Absolute rate constants for elementary reactions in the chlorination of CH4, CD4, CH3Cl, CH2Cl2, CHCl3, CDCl3 and CBrCl3

Abstract

The rates of reactions of Cl²P atoms with methane, and with a series of substituted methanes, have been measured using mass spectrometric analysis of molecular reactant consumption in the presence of excess Cl atoms, with pseudo first order kinetic analysis; this approach minimizes secondary reactions and the problem of reaction stoichiometries. The following rate constants were obtained for Cl + RH reactions: log₁₀(k_CH4/cm³ molecule^–1 s^–1)=(–10.294 ± 0.043)–(778 ± 16) K/T, 300–686 K; log₁₀(k_CH3Cl/cm³ molecule^–1 s^–1)=(–9.673 ± 0.087)–(776 ± 30) K/T, 300–604 K; log₁₀(k_CH2Cl2/cm³ molecule^–1 s^–1)=(–10.078 ± 0.074)–(629 ± 26) K/T, 298–621 K; log₁₀(k_CHCl3/cm³ molecule^–1 s^–1)=(–10.480 ± 0.051)–(599 ± 19) K/T, 297–652 K; log₁₀(k_CBrCl3/cm³ molecule^–1 s^–1)=–12.64 ± 0.08, 652 K. The correlations of these results with data from competitive chlorination studies are discussed in relation to the uncertainly surrounding the Arrhenius parameters for the primary reference reaction, Cl + H₂→ HCl + H.
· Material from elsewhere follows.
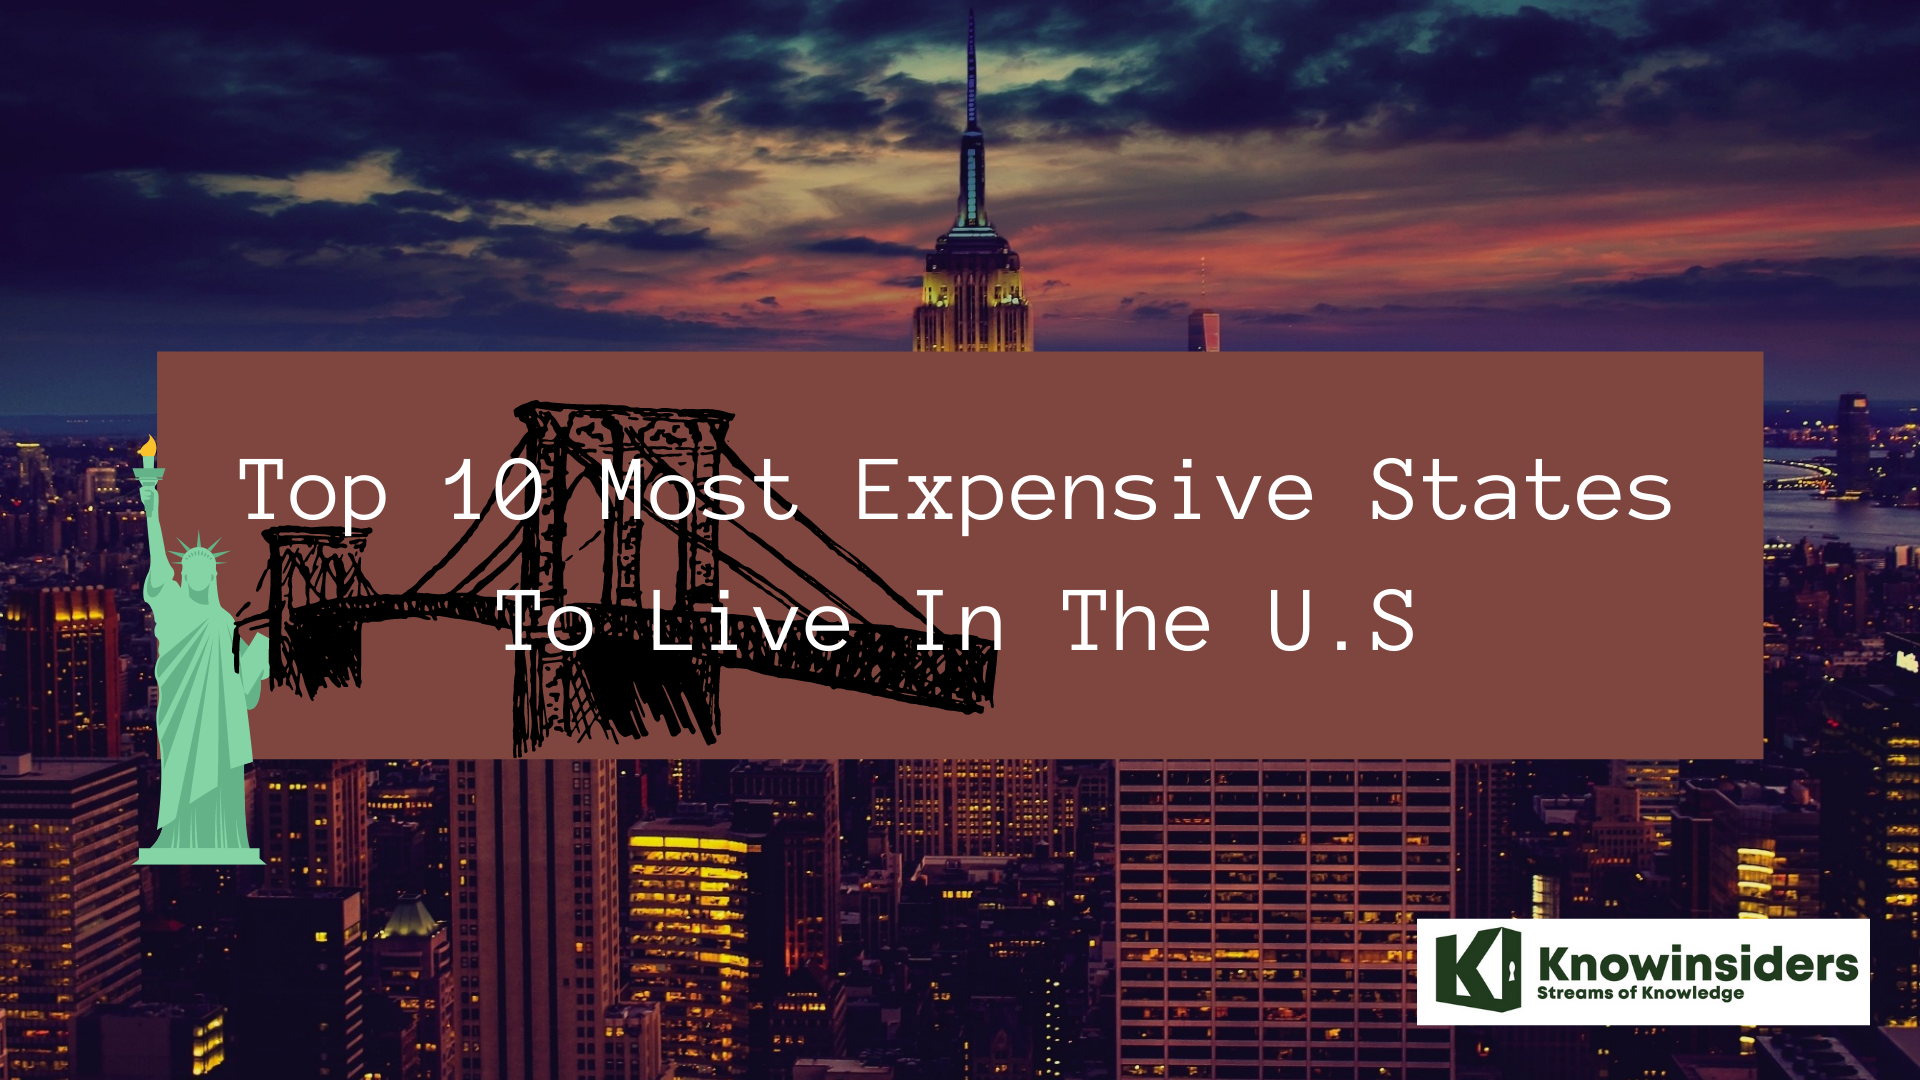 Top 10 Most Expensive States To Live In America Today

Values for the kinetic isotope (H/D) rate constant ratios, (k_CH4/k_CD4) and (k_CHCl3/k_CDCl3), were measured over wide ranges of temperature: log₁₀(k_CH4/k_CD4)=(–0.155 ± 0.024)+(384 ± 12) K/T, 298–1018 K; log₁₀(k_CHCl3/k_CDCl3)=(–0.014 ± 0.020)+(167 + 9) K/T, 298–1006 K. These results are in agreement with the predictions of the semi-empirical BEBO (bond-energy-bond order) method.